━━━ DATASET EXCERPT

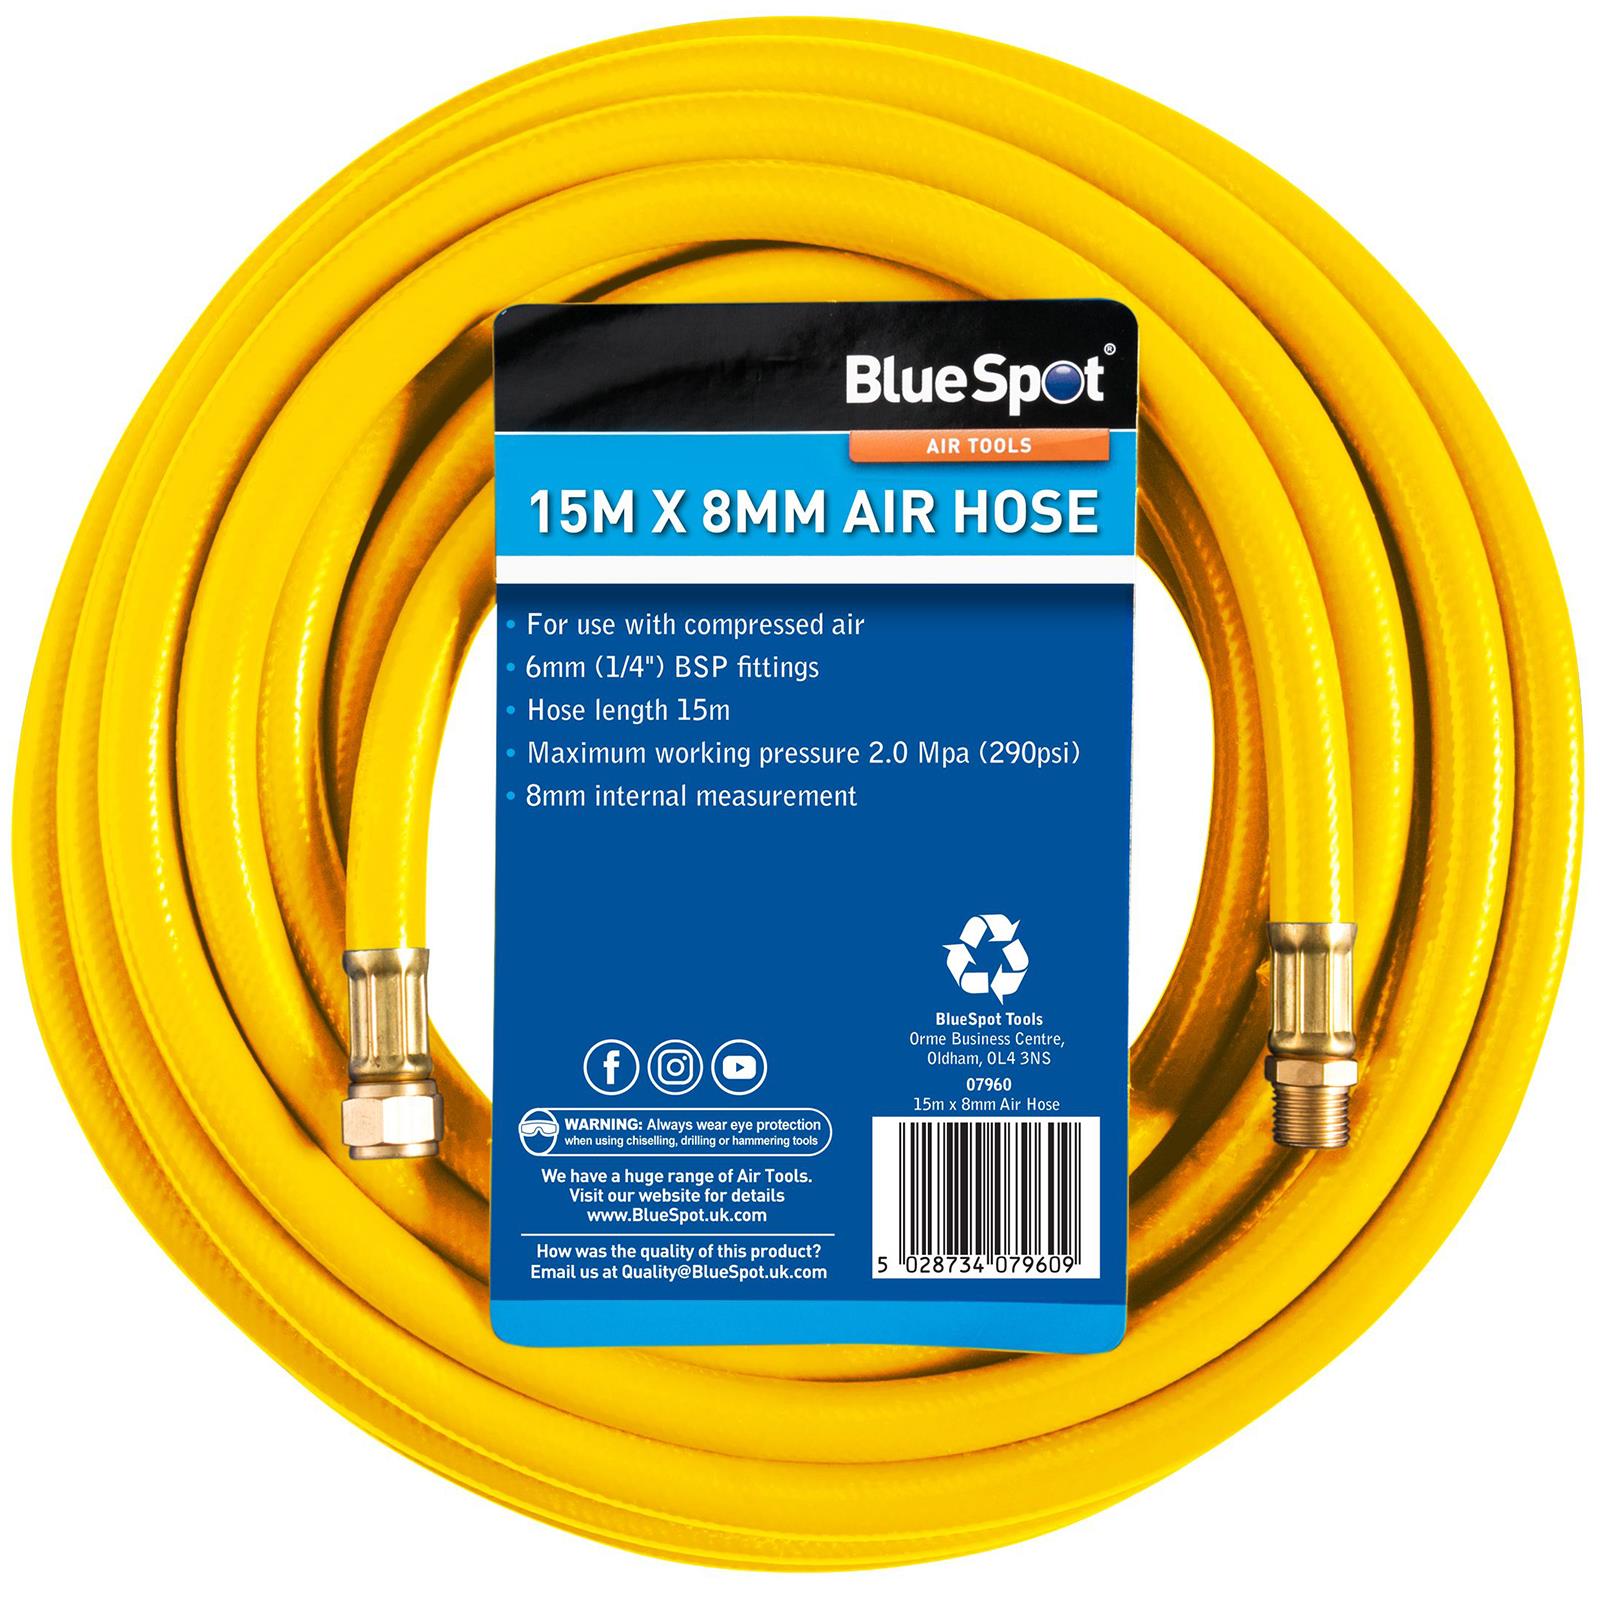 BlueSpot Air Hose 15m x 8mm with 1/4" BSP Fittings Reinforced Rubber
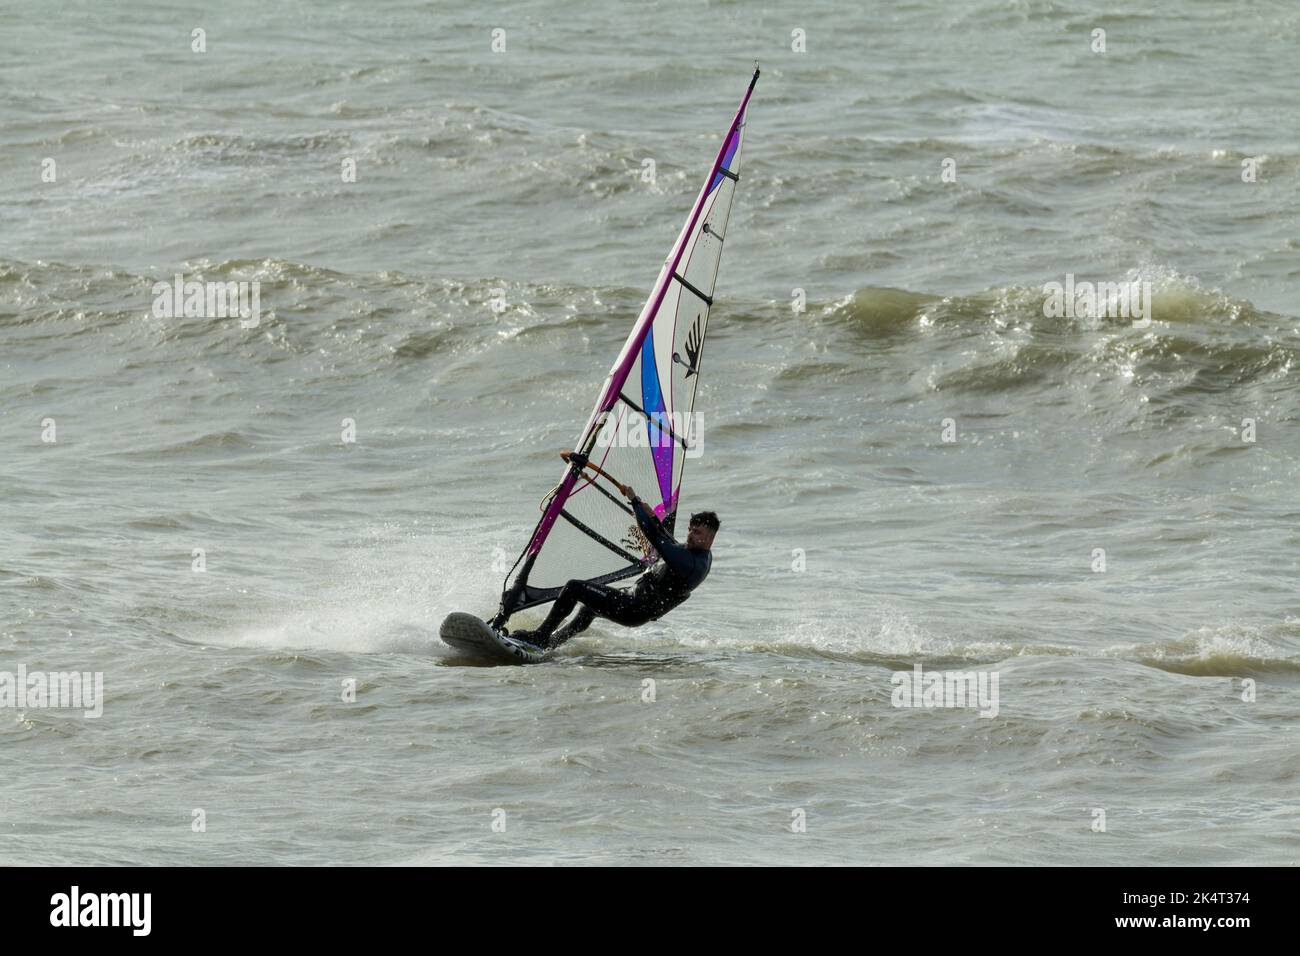 Water sport wind surfing in the sea with sail for catching the wind to propel the board and surfer sail is tilted and turned to steer and catch wind Stock Photo
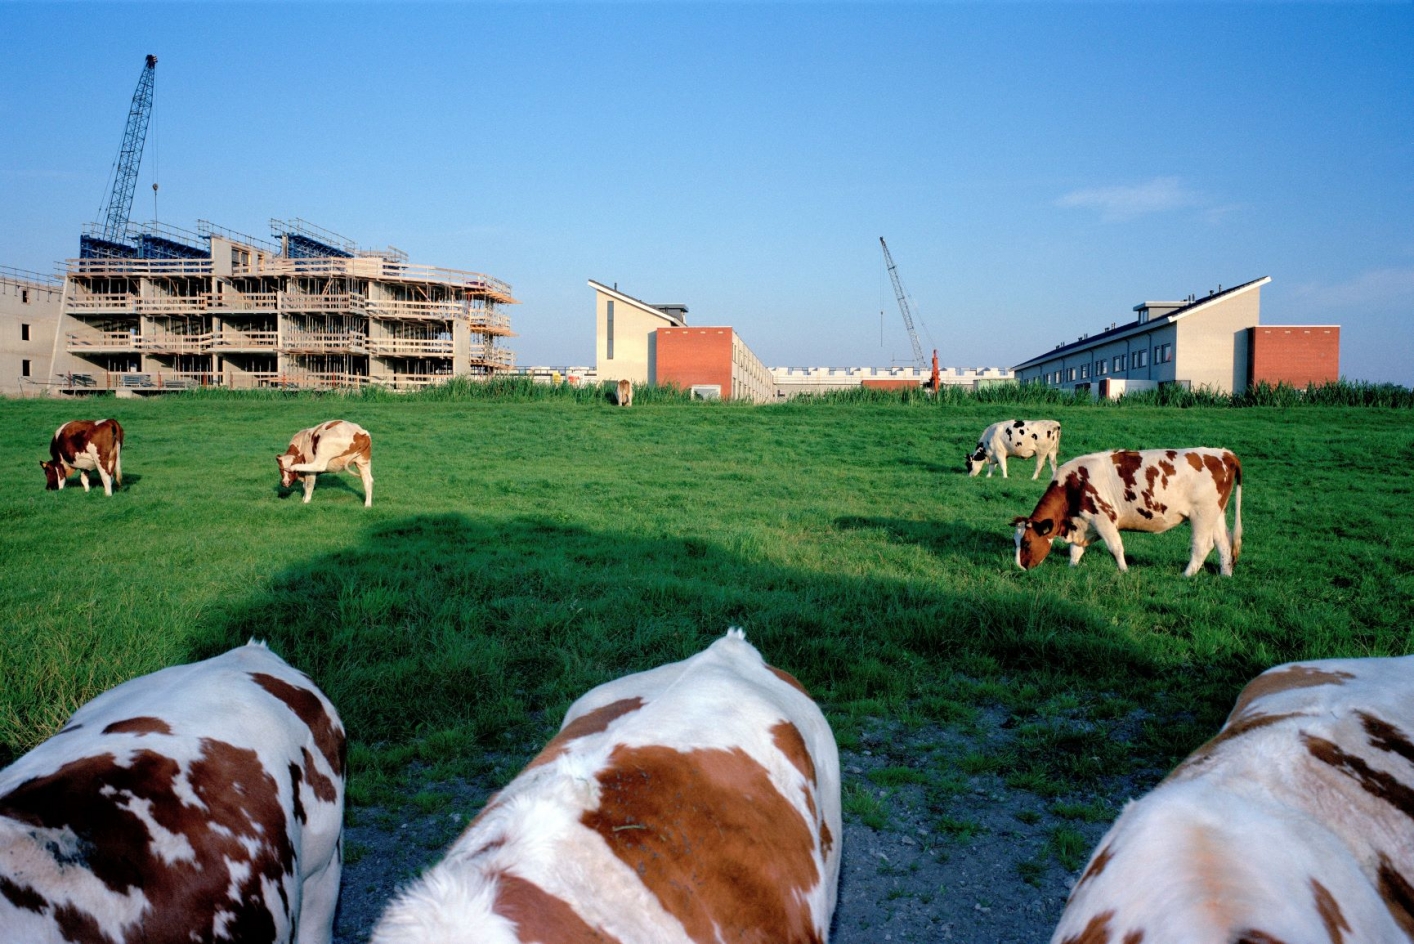 pasture with cows and housing in the background
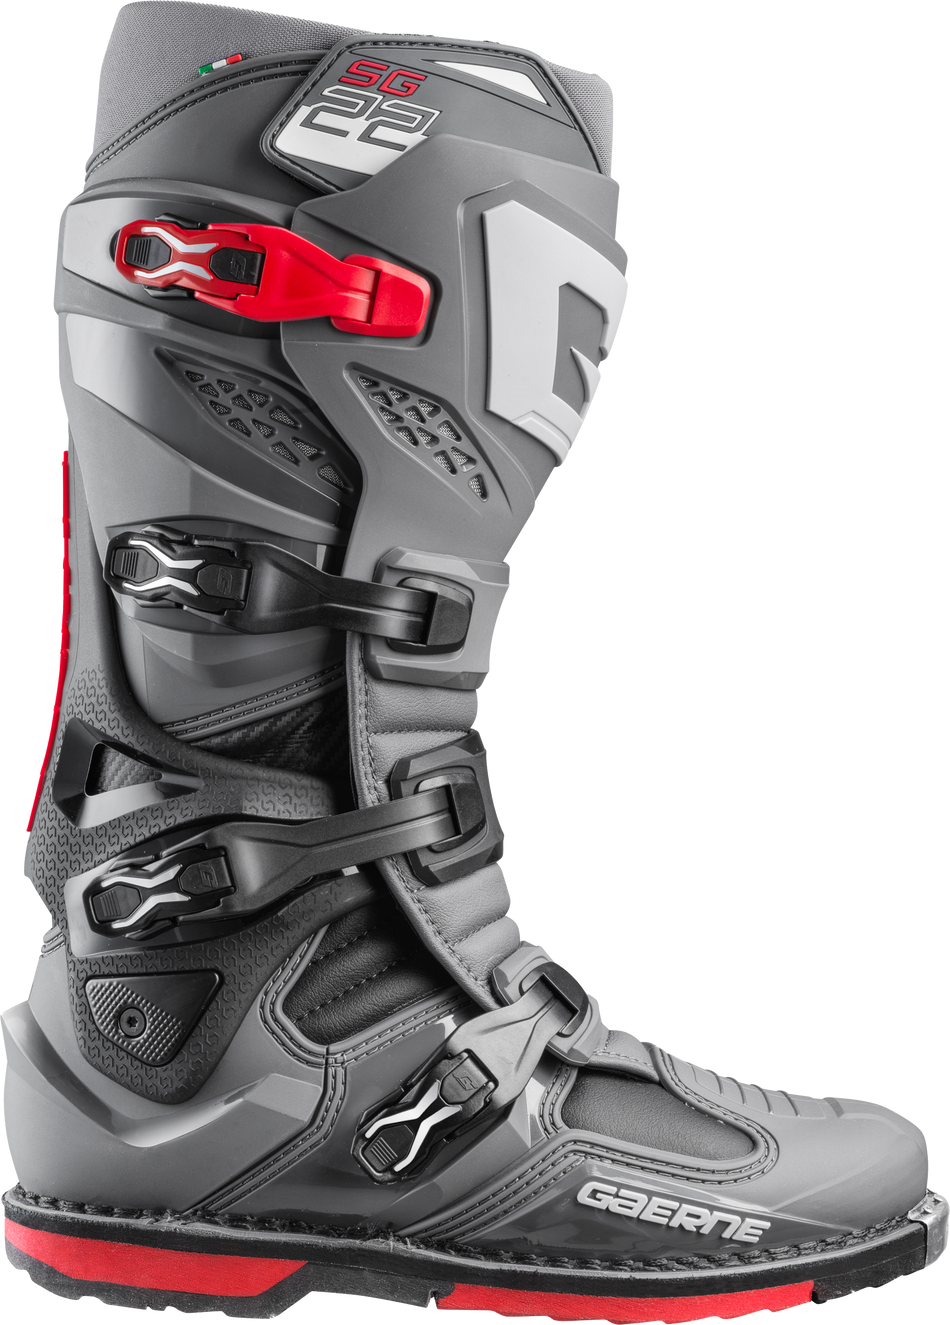 GAERNE Sg-22 Boots Anthracite/Black/Red Sz 10 2262-007-10

━━━━━━

* _WHAT YOU NEED TO DO_:
Your copy should match the material above exactly, minus its pictures.

* _EXERCISE RESULT_:
 BlueSpot Air Hose 15m x 8mm with 1/4" BSP Fittings Reinforced Rubber
 Water sport wind surfing in the sea with sail for catching the wind to propel the board and surfer sail is tilted and turned to steer and catch wind Stock Photo
 pasture with cows and housing in the background
 GAERNE Sg-22 Boots Anthracite/Black/Red Sz 10 2262-007-10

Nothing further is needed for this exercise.